At the slower wind speeds likely in May and June, the daggerboard foils need to be more efficient so the boats will be able to foil earlier. The ultimate goal is for the foils to fly the hulls at slower wind speeds. The span of the underwater wings for light air needs to be longer, a deeper draft. This is a real challenge for structural engineers as the board is more difficult to control as it flexes and as the crew changes the rake and cant positions.

Holroyd points out that in 6kts of wind the boats have both hulls in the water, slow sailing. In 6.5kts they will lift one hull and the speed will double from 6-12kts. In 7kts the boats foil and reach boat speeds of three times the speed of the wind. “There is a huge transition,” he says.

The next sets of foils will be quite different and there is little time for any significant changes.

Holroyd is watching for board failures on other teams as he assesses the structural engineering that other designers have chosen in an effort to solve as many of the performance tradeoffs as possible.

“To make these boats efficient you’re forced into making some extreme structures”, Holroyd said. “There’s an incentive in light air boards to have a lot of span — which is structurally difficult — and for heavy air boards you’re trying to design them to not cavitate, and that’s also structurally difficult.”

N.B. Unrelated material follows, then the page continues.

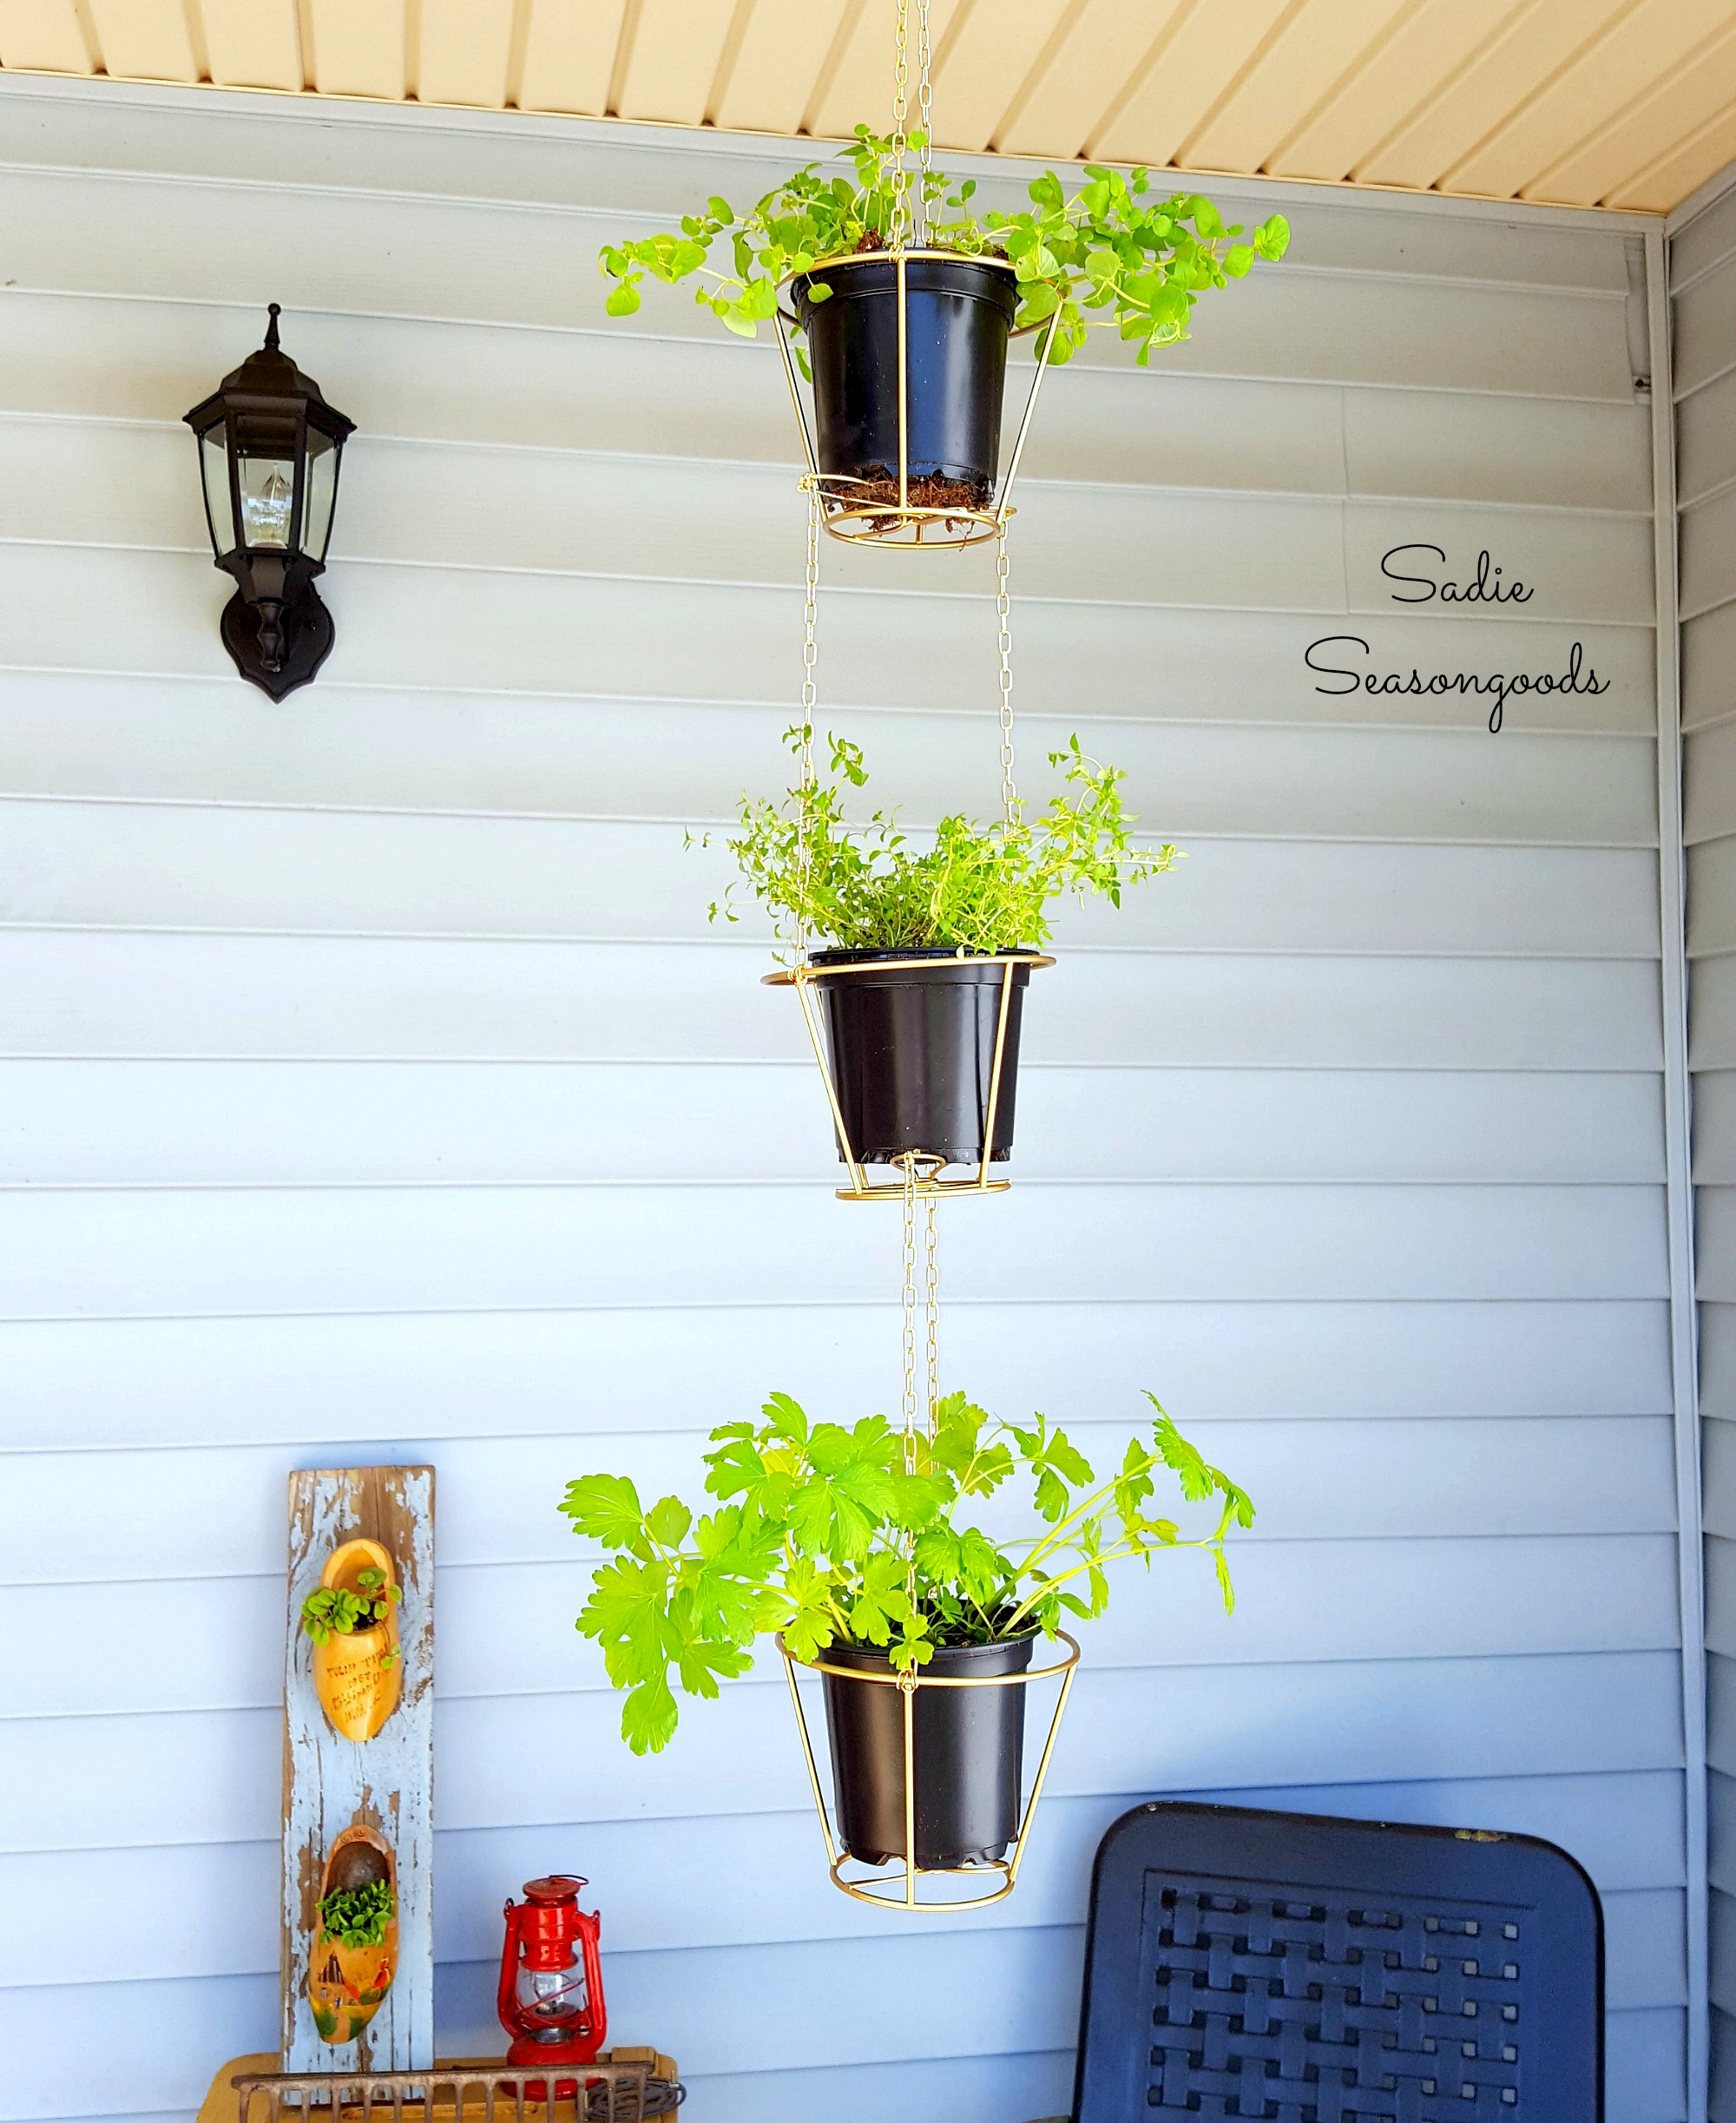 9_thrift_store_lampshades_repurposed_as_hanging_herb_baskets_Sadie_Seasongoods-1
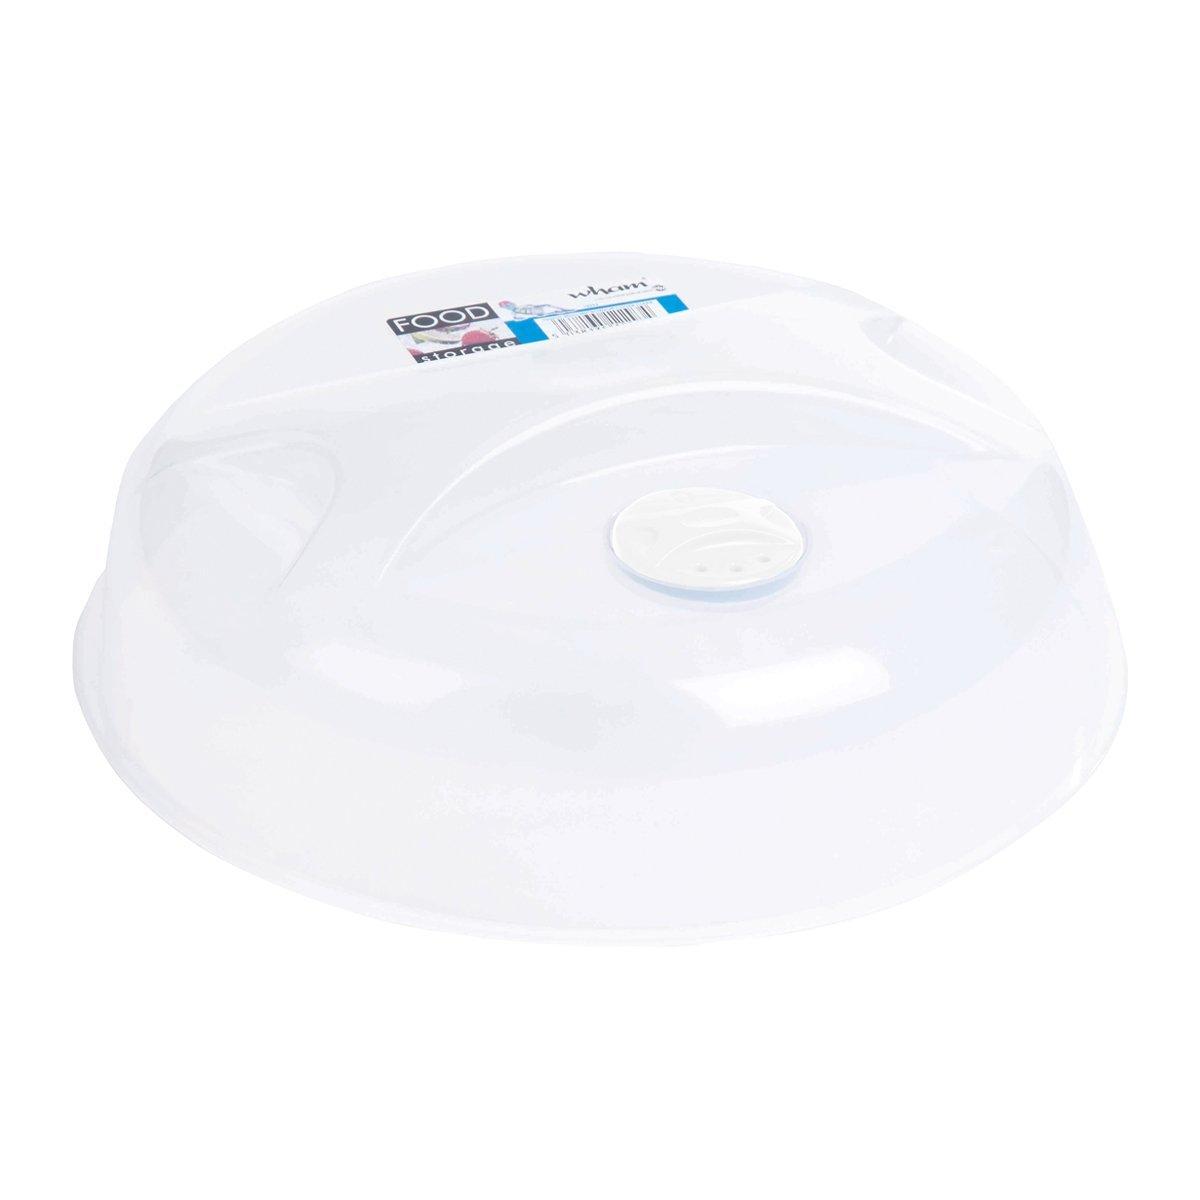 Wham tapa para alimentos microondas/tapa de la cubierta Pw557Wm

Asked how a team may fair if they had broken a foil during practice at this point in the competition, he said that the time to build a new dagger board has long since passed.

“You’re well inside the timeframe to built a new board in time so if you have a major structural issue at this point that warrants ‘open heart surgery’, that can take you off the water for three-to-four weeks.” These patients take a while to recover.

“If you were having structural issues in your boards at this stage of your campaign you would be nervous.”